- Born: Sri Lanka
- Died: 11 August 2016 (aged 75) Colombo
- Occupation: Broadcaster
- Employer: Radio Ceylon / Sri Lanka Broadcasting Corporation / British Broadcasting Corporation
- Known for: Broadcasting
- Title: Colombo Correspondent of the BBC

= Elmo Fernando =

Elmo Fernando (died 11 August 2016) was a popular announcer with Radio Ceylon and subsequently the Ceylon Broadcasting Corporation. Fernando was an excellent reader of the news. He joined Radio Ceylon, the oldest radio station in South Asia at a time when it was known as the 'King of the Airwaves' in the 1950s and 1960s. Millions tuned into the station from across the Indian sub-continent. When he was at Radio Ceylon he was mentored by the veteran broadcaster Vernon Corea.
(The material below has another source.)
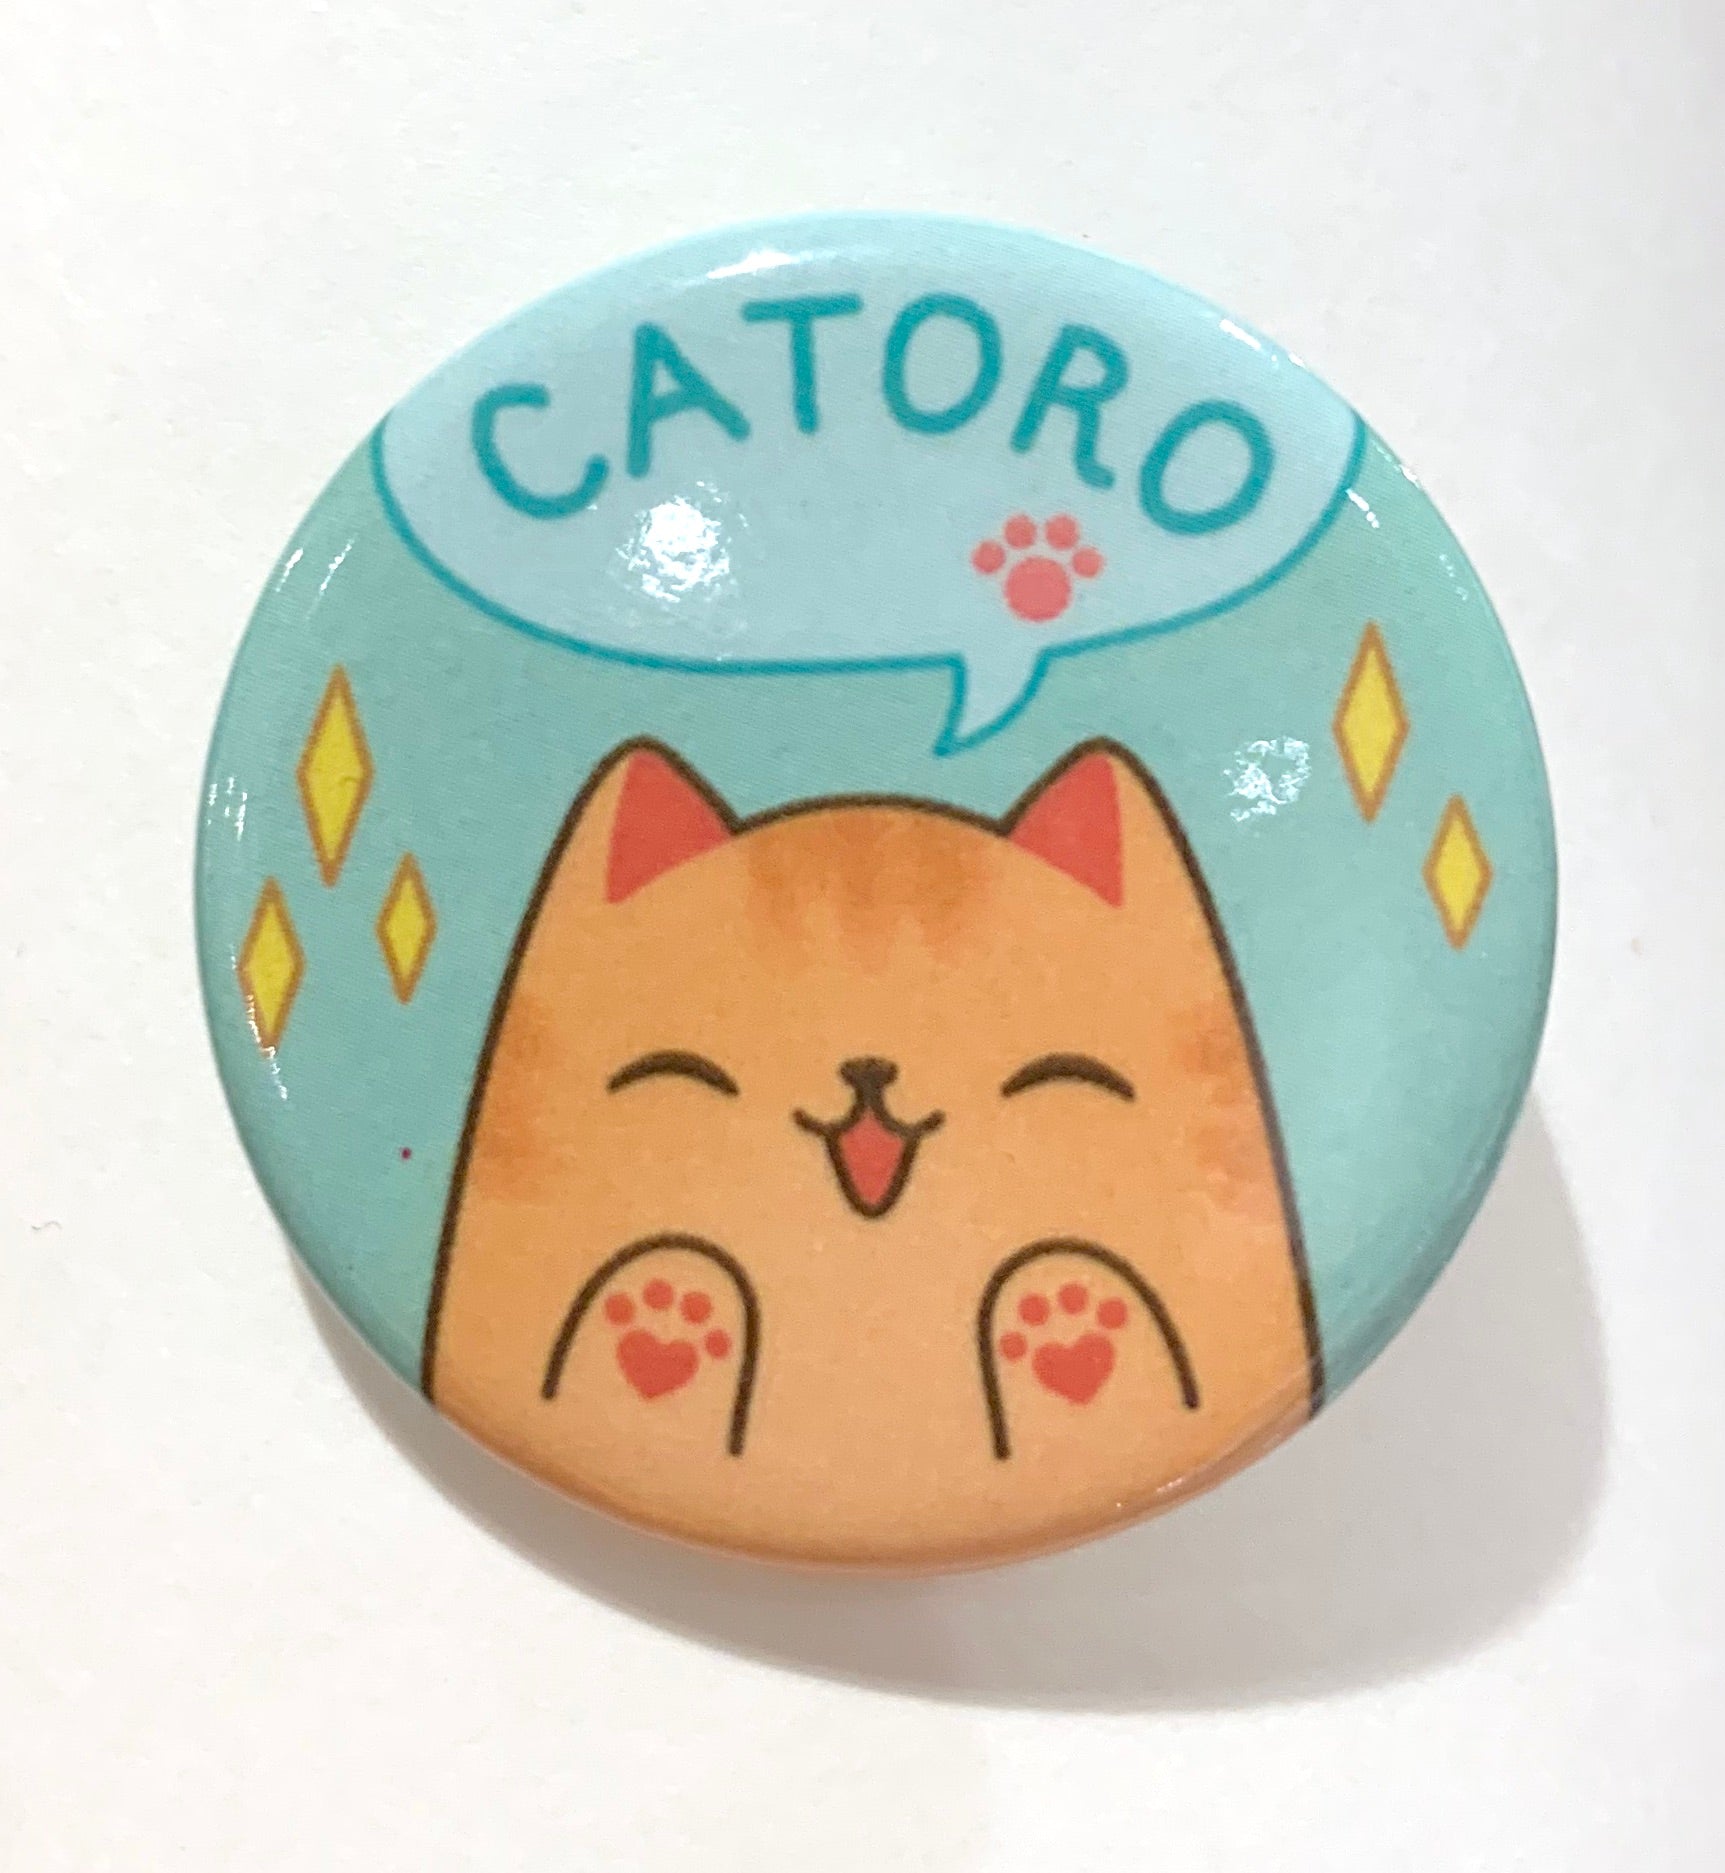 Catoro Button Pins - by Megchan Doodles - Catoro

Fernando left the Sri Lanka Broadcasting Corporation in the 1970s and joined an overseas Catholic radio station. He was a Colombo Correspondent of the BBC.

== See also ==
- Radio Ceylon
- Sri Lanka Broadcasting Corporation
- List of Sri Lankan Broadcasters

== Bibliography ==
- Wavell, Stuart. - The Art of Radio - Training Manual written by the Director Training of the CBC. - Ceylon Broadcasting Corporation, 1969.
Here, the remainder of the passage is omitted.